PROPOSALS FOR 2004 MEETING

        Any proposals of stockholders that are intended to be presented at the Corporation's 2004 Annual Meeting of Stockholders must be received at the Corporation's principal executive offices no later than December 31, 2003, and must comply with all other applicable legal requirements, in order to be included in the Corporation's proxy statement and form of proxy for that meeting.

        A stockholder who intends to submit a proposal for the Corporation's 2004 Annual Meeting that the stockholder does not intend to request be included in the Corporation's 2004 Proxy Statement in accordance with SEC rules must give notice to the Corporation prior to March 16, 2004. If the stockholder does not provide the Corporation with timely notice of such a proposal, the persons designated as management proxies on the Corporation's proxy card may exercise their discretionary authority to vote on that proposal. If the stockholder does provide the Corporation with timely notice of such a proposal, depending upon the circumstances, management proxies may not be able to exercise their discretionary authority to vote on the proposal.


GENERAL INFORMATION

        The Board of Directors is not aware of any matters to be presented at the meeting other than those specified above. If any other matter should be presented, the holders of the accompanying proxy will vote the shares represented by the proxy on such matter in accordance with their best judgment.

        All shares represented by the accompanying proxy, if the proxy is duly executed and received by the Corporation at or prior to the meeting, will be voted at the meeting in accordance with the instructions provided therein. If no such instructions are provided, the proxy will be voted for the election of directors and for the ratification of the appointment of Ernst & Young LLP as auditors. Under Delaware law and the Corporation's Certificate of Incorporation and By-Laws, if a quorum is present, directors are elected by a plurality of the votes cast by the holders of the shares present in person or represented by proxy at the meeting and entitled to vote on the election of directors. A majority of the outstanding shares entitled to vote, present in person or represented by proxy, constitutes a quorum. Shares represented by proxies or ballots withholding votes from one or more directors will not be counted in the election of that director but will be counted for purposes of determining a quorum. Abstentions and broker non-votes will be counted for purposes of determining the presence or absence of a quorum.

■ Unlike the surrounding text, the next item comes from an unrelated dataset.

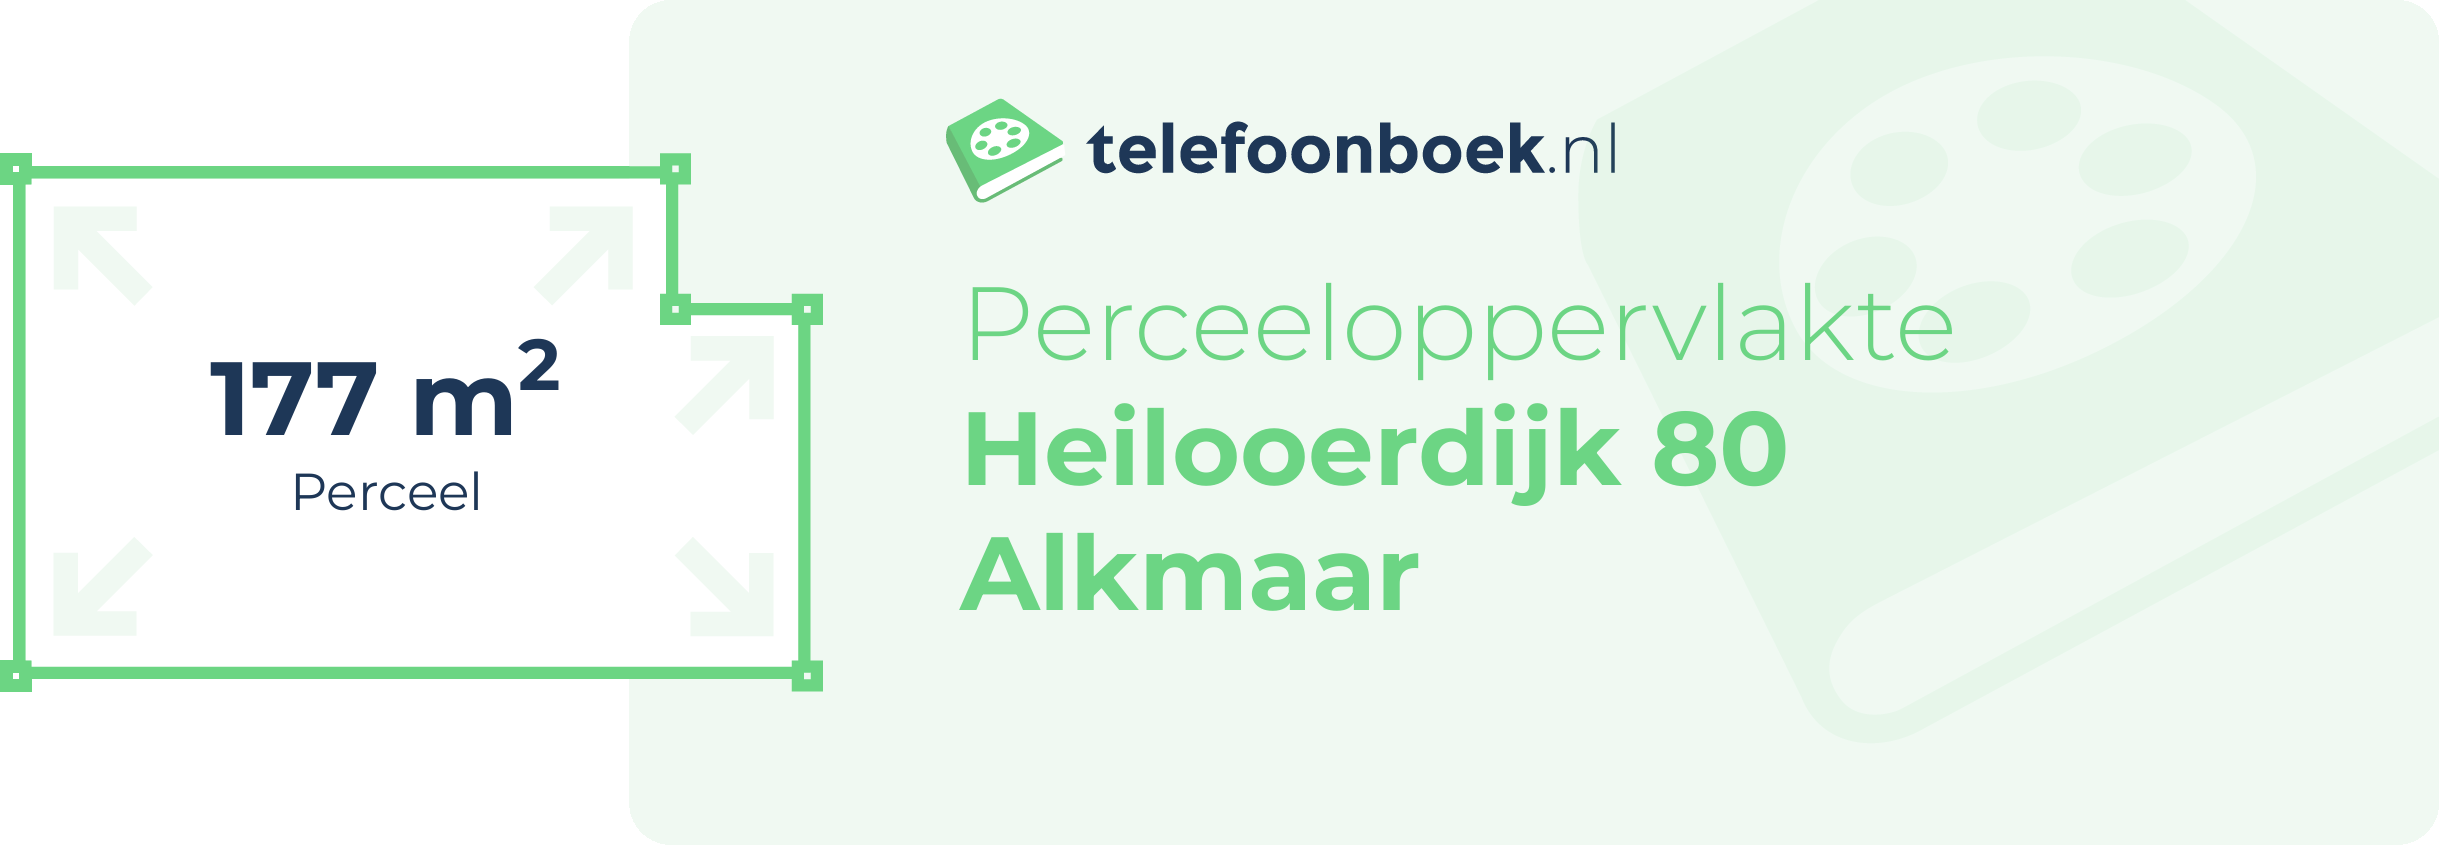 Perceeloppervlakte Heilooerdijk 80 Alkmaar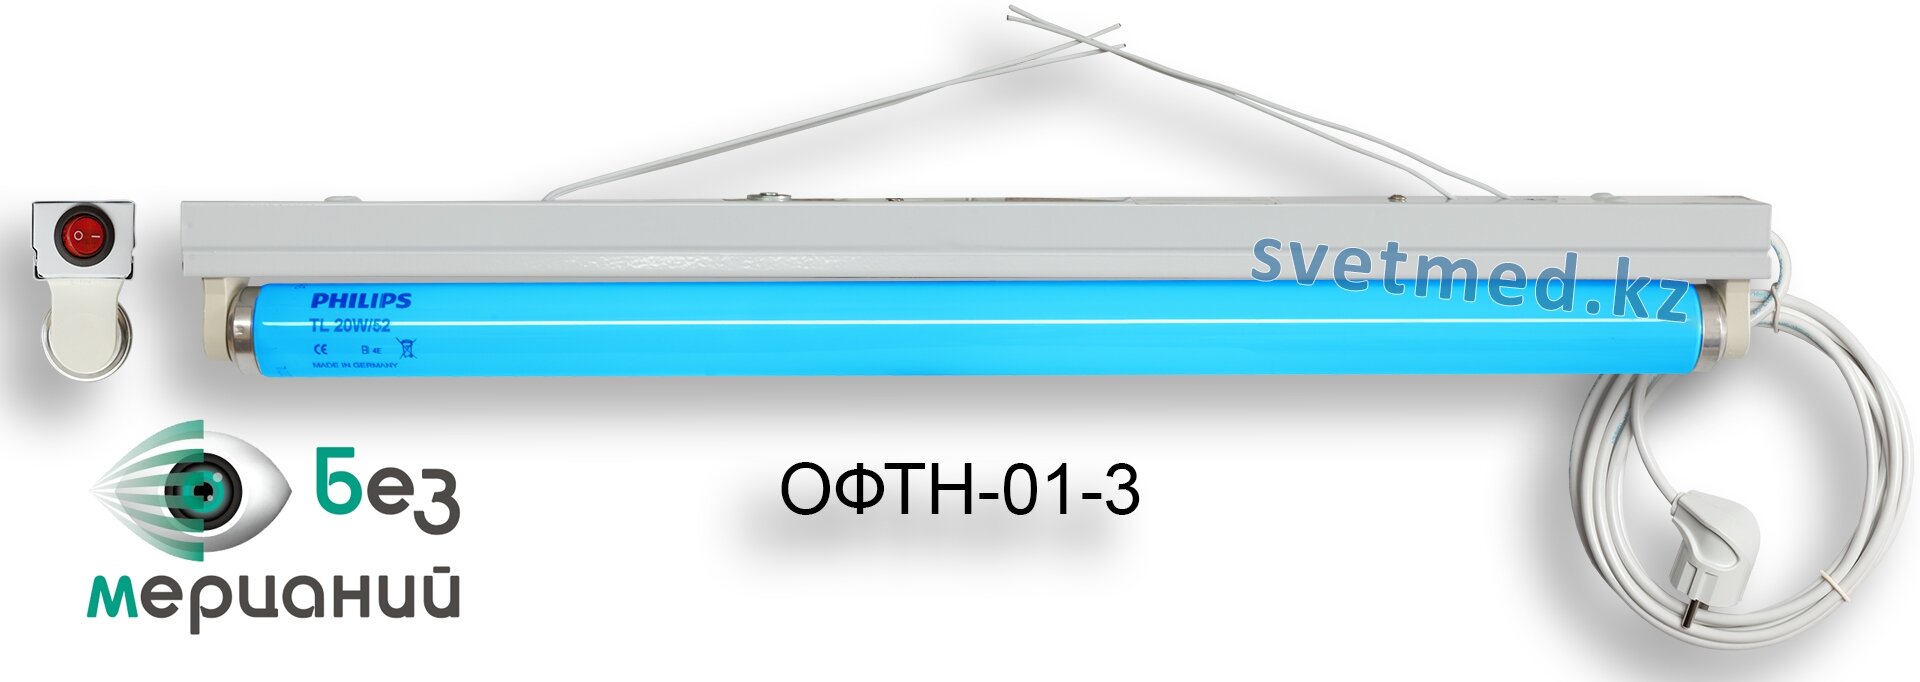 ОФТН-01-3

Abstentions will be counted in tabulations of the votes cast on each of the proposals presented at the Annual Meeting, whereas broker non-votes will not be counted for purposes of determining the number of votes cast.

        The cost of soliciting proxies for the meeting will be borne by the Corporation. The Corporation will also reimburse brokers and others who are only record holders of the Corporation's shares for their reasonable expenses incurred in obtaining voting instructions from beneficial owners of such shares. Directors and officers of the Corporation may solicit proxies personally or by telephone or telegraph but will not receive additional compensation for doing so.

21



        The Corporation's Annual Report to Stockholders for the fiscal year ended December 31, 2002 has been mailed to stockholders. The Annual Report does not form part of this Proxy Statement.


 

 

By order of the Board of Directors,

 

 

        
ROBERT N. COWEN
        
Senior Vice President,
        Chief Operating Officer & Secretary

New York, N.Y.
April 30, 2003

22


APPENDIX A


AUDIT COMMITTEE CHARTER

OF

OVERSEAS SHIPHOLDING GROUP, INC.
(the "Company")

Purpose

        The Audit Committee is a committee of the Board of Directors (the "Board"). It shall assist the Board in the oversight and monitoring of (1) the quality and integrity of the financial statements and the financial reporting process of the Company, (2) the Company's compliance with applicable legal and regulatory requirements, (3) the independent auditor's qualifications and independence, and (4) the performance of the Company's internal audit function and independent auditor.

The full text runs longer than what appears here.